Information provided section start
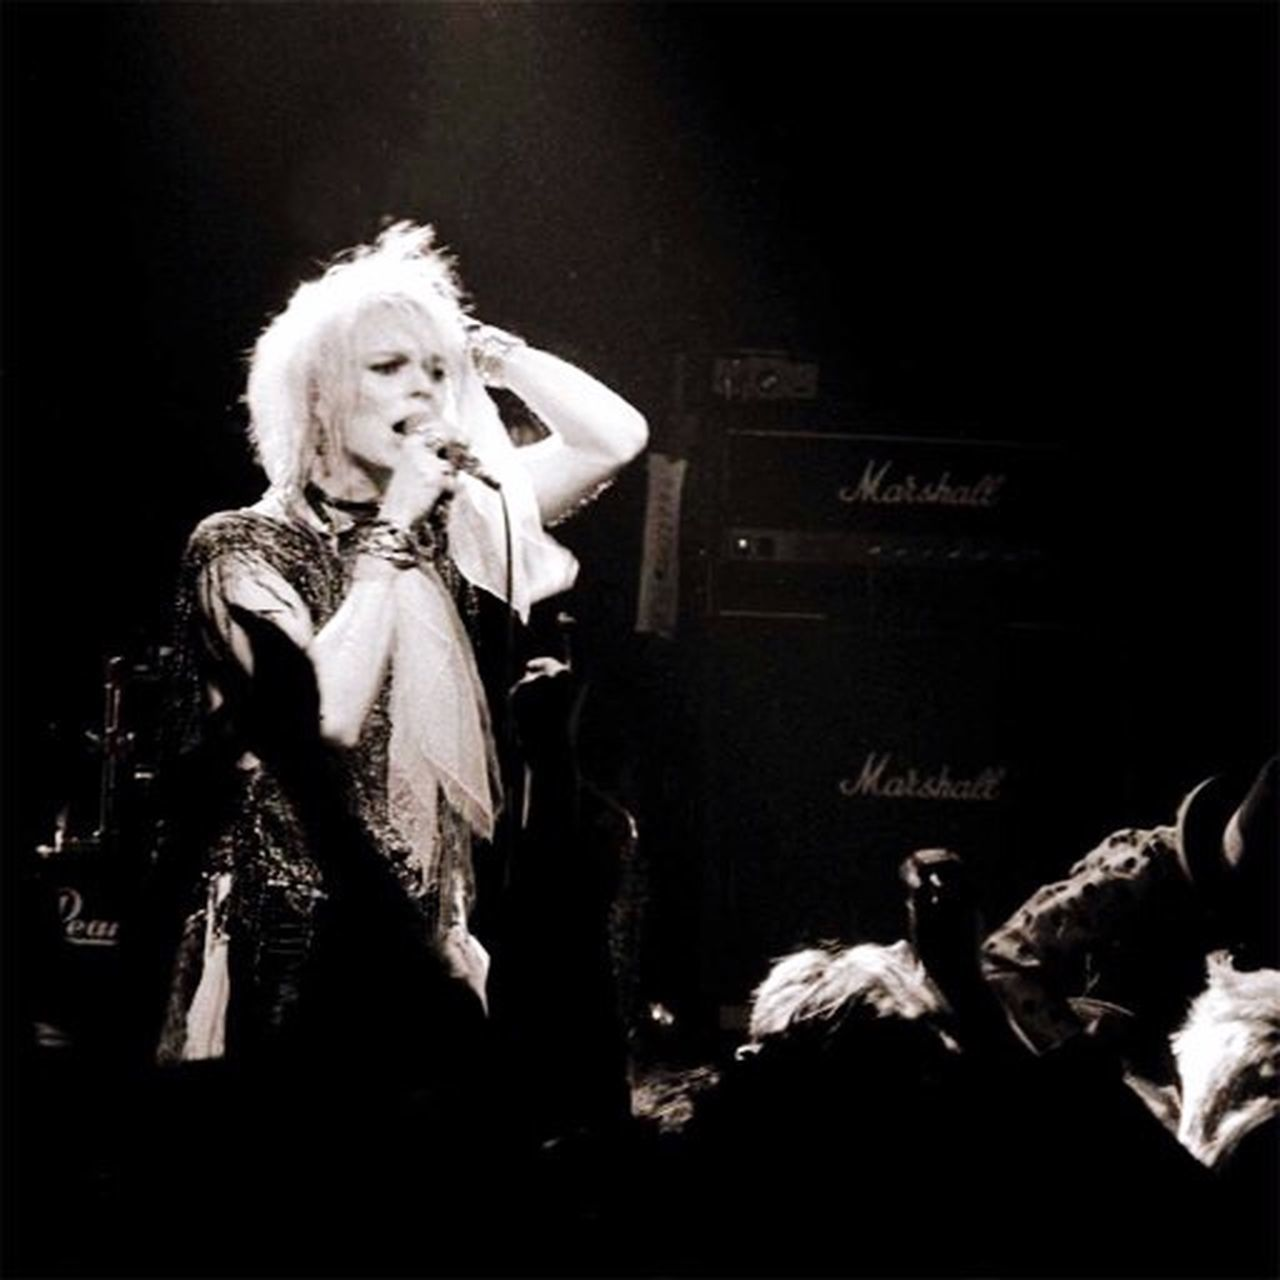 Mike Monroe Hanoi Rocks Ritz Bådde Bobadly Rock N Roll Black And White
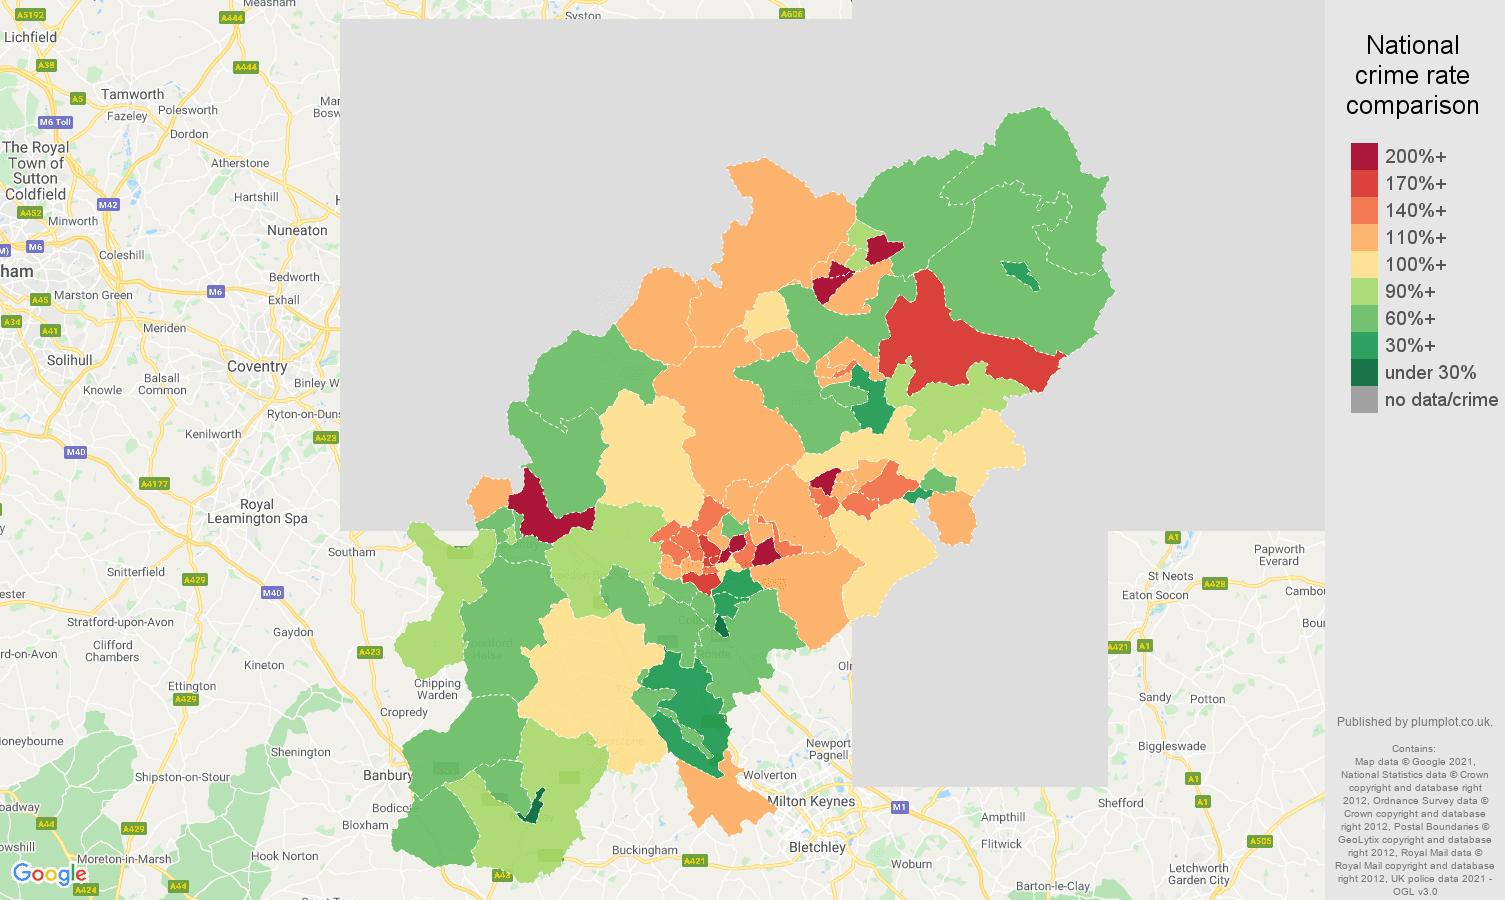 Northamptonshire burglary crime rate comparison map
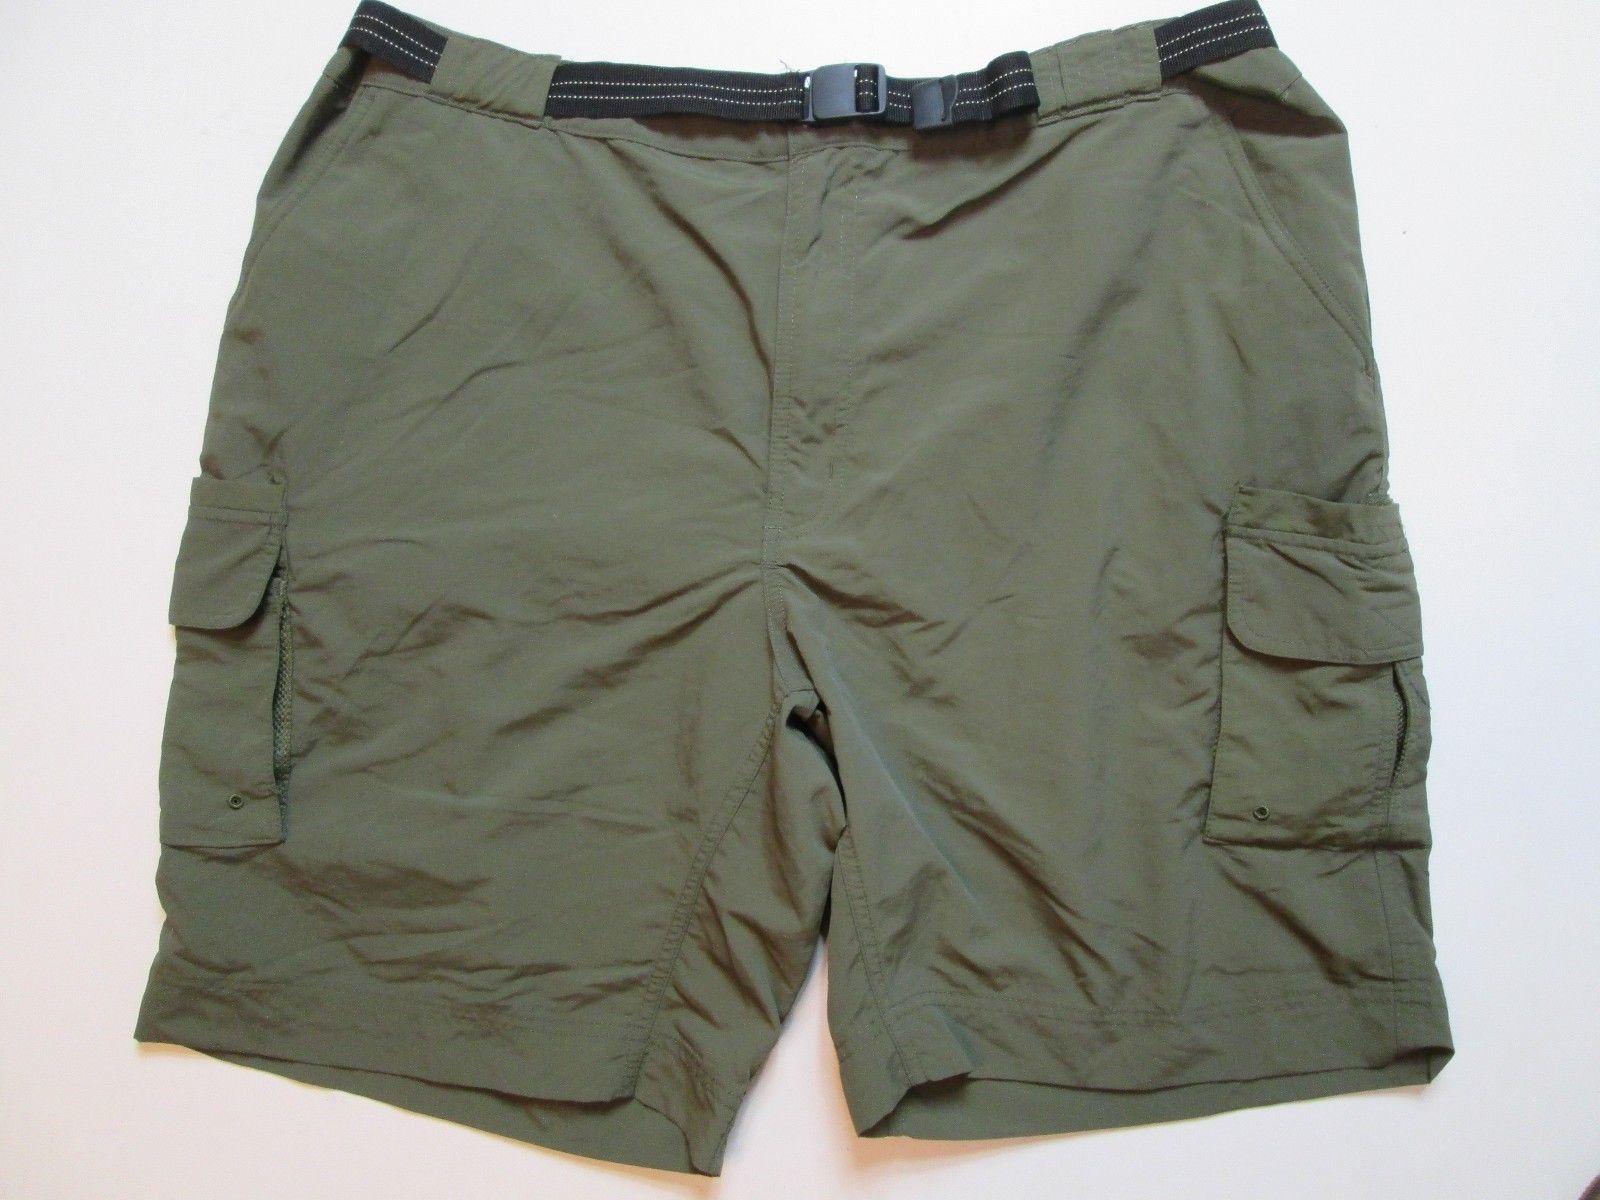 1ba3a1cb6a Magellan Outdoors Men's Fishing Cargo Shorts and 32 similar items. S l1600
Information provided section end
Work instructions = Repeat the listing above verbatim, but exclude the pictures it contains.

Expected answer =
 Mike Monroe Hanoi Rocks Ritz Bådde Bobadly Rock N Roll Black And White
 Northamptonshire burglary crime rate comparison map
 1ba3a1cb6a Magellan Outdoors Men's Fishing Cargo Shorts and 32 similar items. S l1600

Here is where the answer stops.